Prolog

51 2 0
                                    

Tak pernah sedikitpun Riska berpikir bahwa Riski adalah jodohnya. Bahkan dia selalu merasa jengkel jika melihat Riski. Bagaimana tidak, dulu anak kota nan sombong dan sangat nyebelin itu selalu memamerkan barang-barang miliknya yang mahal-mahal. Riski memang bandel. Dia adalah anak ke 1 dari 2 saudara.

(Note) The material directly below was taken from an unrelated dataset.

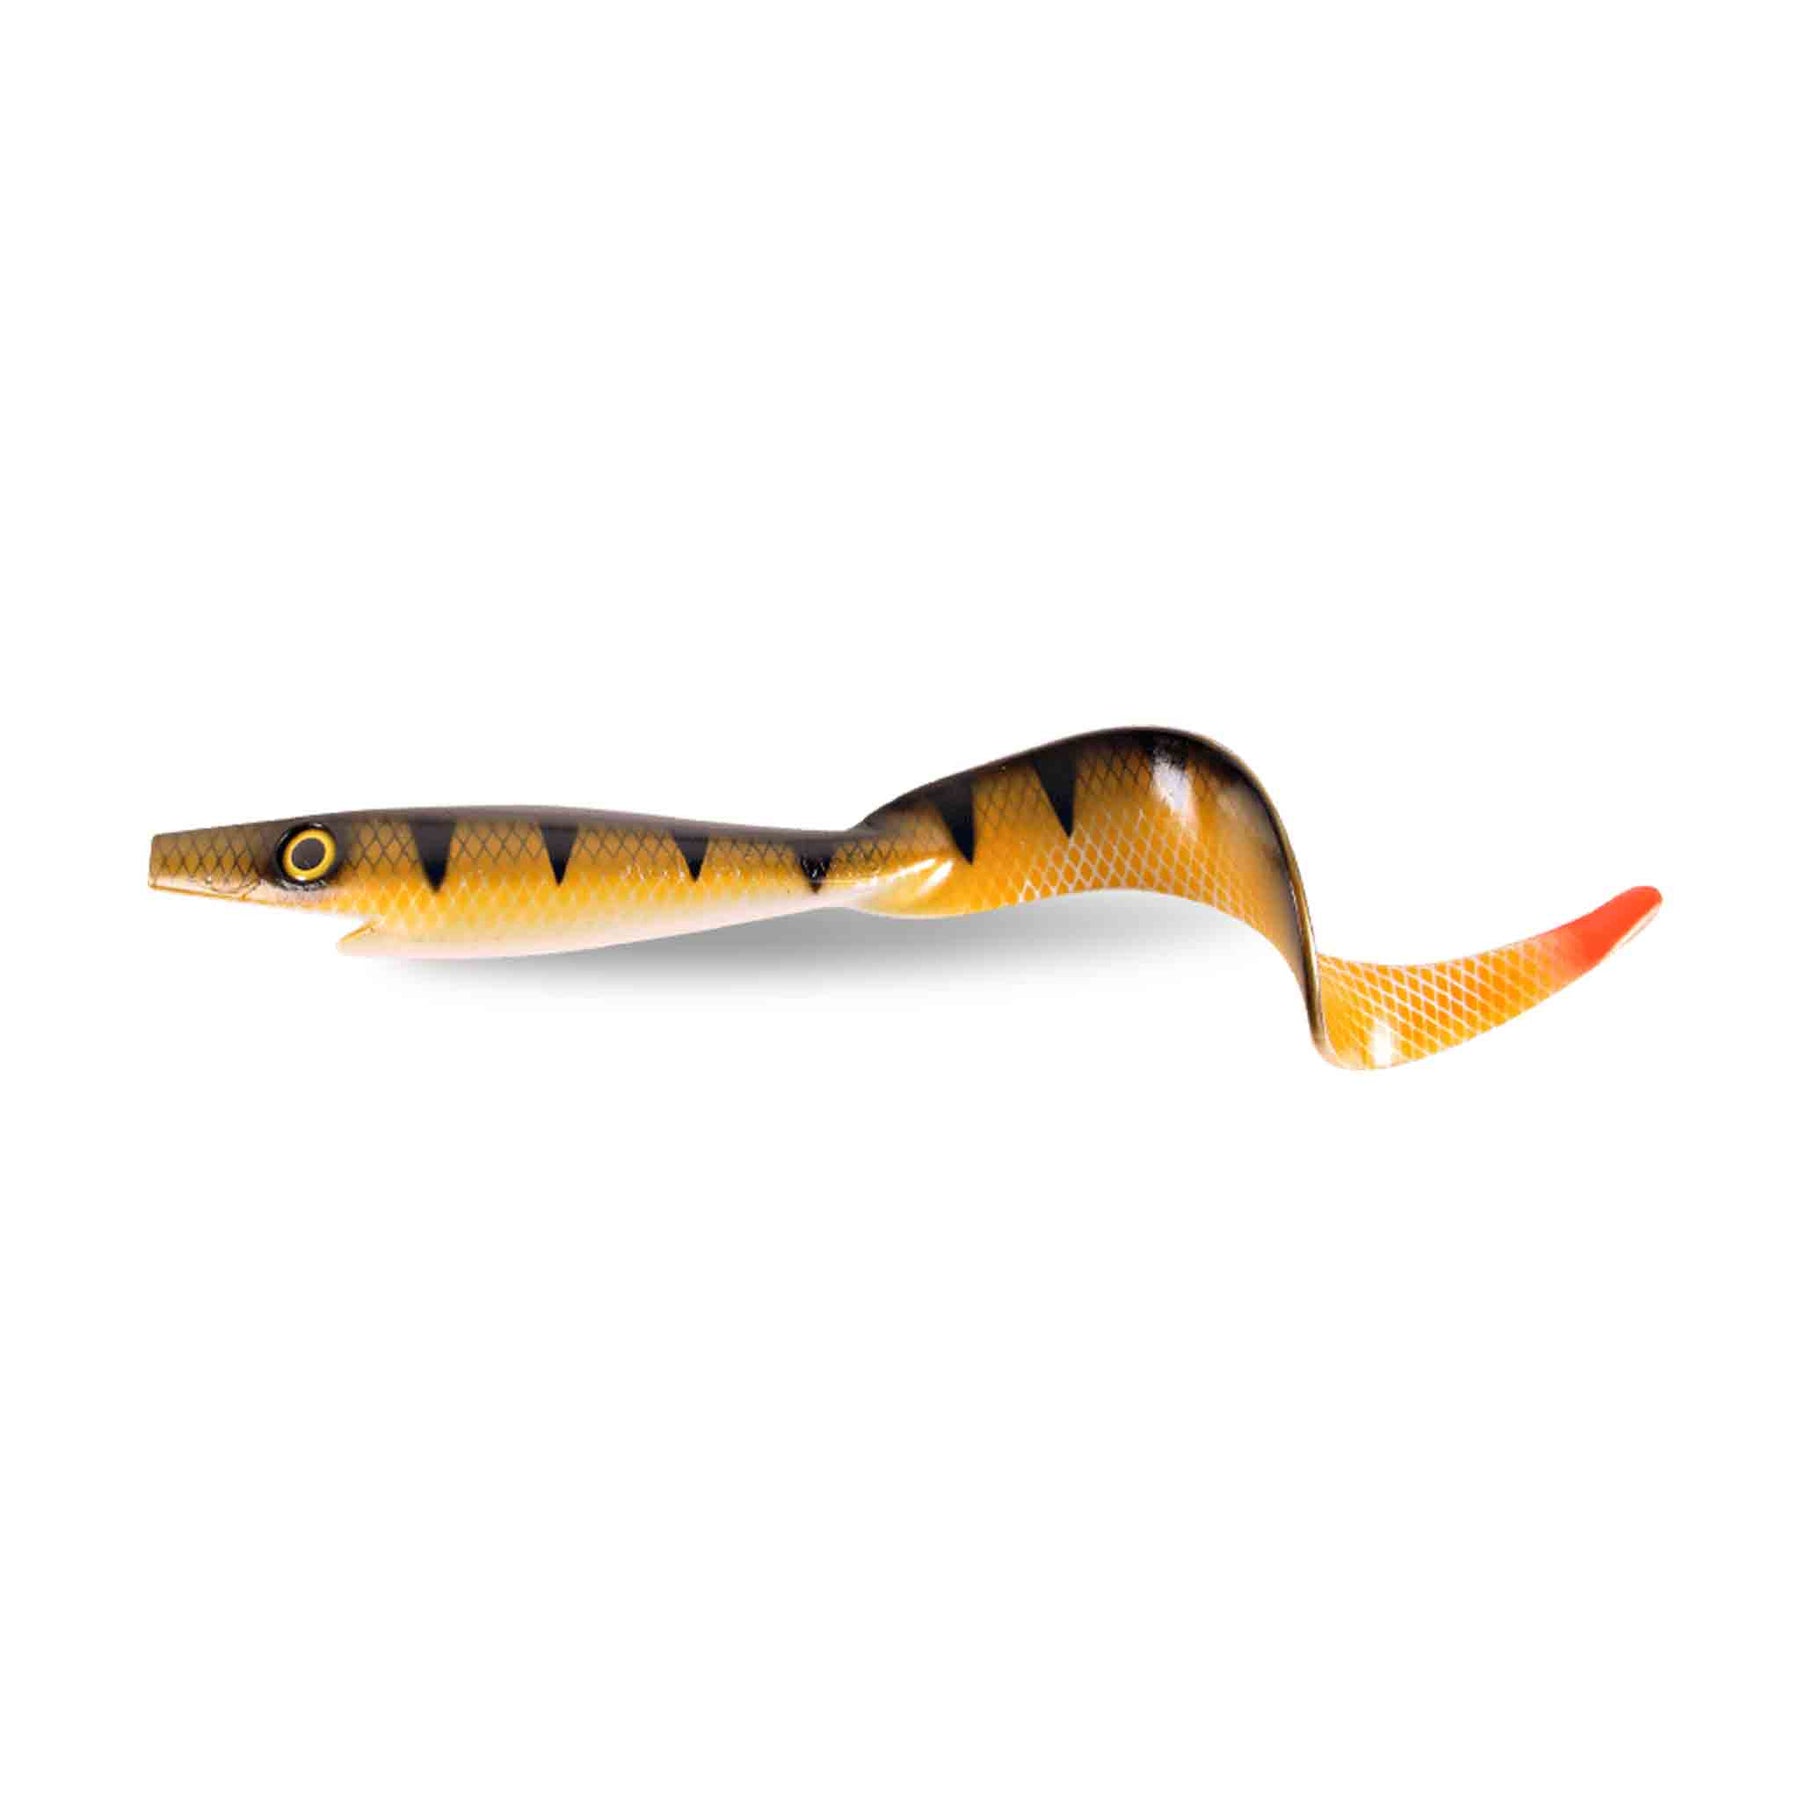 Strike Pro Giant Pig Tail Swimbait | Pike & Musky lures Natural Perch OB

Dia dan adiknya perempuan .

Riski memang beruntung terlahir dari orang tua yang berada. Namun, kesibukan orangtuanya membuat dia tumbuh menjadi seseorang yang bandel dan tidak mempunyai rasa tanggung jawab. Hingga akhirnya saat usia 7 tahun dia dimasukkan di pondok pesanteren. Pada saat itu Riska berumur 6 tahun.

Riska adalah seorang putri yang cantik jelita. Saat ia dipanggil abinya untuk menemui ayah dari Riski tapi, ia membuat ulah. Teh panas yang baru saja disajikan oleh uminya tak sengaja tumpah di baju Pak Razak. Semua yang ada si sana terperanjat kaget. Riska hanya bisa tertunduk takut dan kena marah Abinya.

"Maafkan Riska bi," katanya dengan nada takut.
"Abi nggak masalah kalau kamu menumpahkan teh di baju abi. Tapi, kamu menumpahken teh di baju pak Razak. Tamu abi," kata Kyai Ahmad dengan nada marah.
"Abi Razak, Riska minta maaf. Lain kali tidak Riska ulangi," kata Riska dengan manja.
"Tidak apa-apa nak, kamu ini lucu dan menggemaskan. Bagaimana bisa Abi marah sama Kamu," katanya dengan tertawa kecil lalu mengendong Nadia.

Akhirnya semua tersenyum melihat tingkah Riska . Namun, Riski tiba-tiba masuk ke rumah Pak Kyai dan melihat Nadia di gendong Pak Razak. Riski pun marah besar, sampai-sampai Riska ingin main bersamapun tak mau. Hal itu terjadi hingga bertahun-tahun.

Waktu pun terus berlalu, hampir 17 tahun Riski dan Riska masih saja marahan. Hingga suatu saat, Pak Kyai memanggil Riska dan Riski.
"Riska, kamu mau sampai kapan marahan terus sama Riski. Dan kamu Riski hitung coba berapa tahun kamu marahan sama Riska?" tanya Pak Kyai.
"Abi, aku nggak marah sama Mas Riski. Hanya saja Mas Riski yang selalu jaga jarak setiap kali aku deketin," jawab Riska.
"Nggak kok Kyai. Saya sudah tidak marah sama Riska. Saya hanya merasa aneh saja setiap deket dengan Riska dan saya memang menjaga jarak dengan akhwat," jawab Riski.

Riska memandang Riski dengan tatapan tajam. Ia takut kalau Riski ada rasa dengannya. Riska tak ingin jika nanti ia menyakiti hati Riski. Karena sesungguhnya Riska sudah mempunyai idaman hati. Ia adalah Khafi. Orang yang membantunya di pasar.

"Aneh kenapa, emangnya aku dakocan apa?" sindir Riska.
"Riska! Jangan bicara begitu sama Riski. Bagaimanapun dia adalah..." bentak Pak Kyai namun, kata-katanya terputus.
"Dia apa bi?" tanya Riska.
"Tidak apa-apa, sekarang kamu kembali ke pondok. Kasihan santri-santriwati yang sudah menunggu. Sana cepat," kata Pak Kyai kepada Riska.

Karena takut, Nadia pun segera pergi ke pondok tempatnya mengajar. Sedangkan Riski sengaja Pak Kyai tidak suruh mengajar karena ada sesuatu yang ingin dibicarakan dengannya. Pak Kyai mempersilahkan Riski duduk.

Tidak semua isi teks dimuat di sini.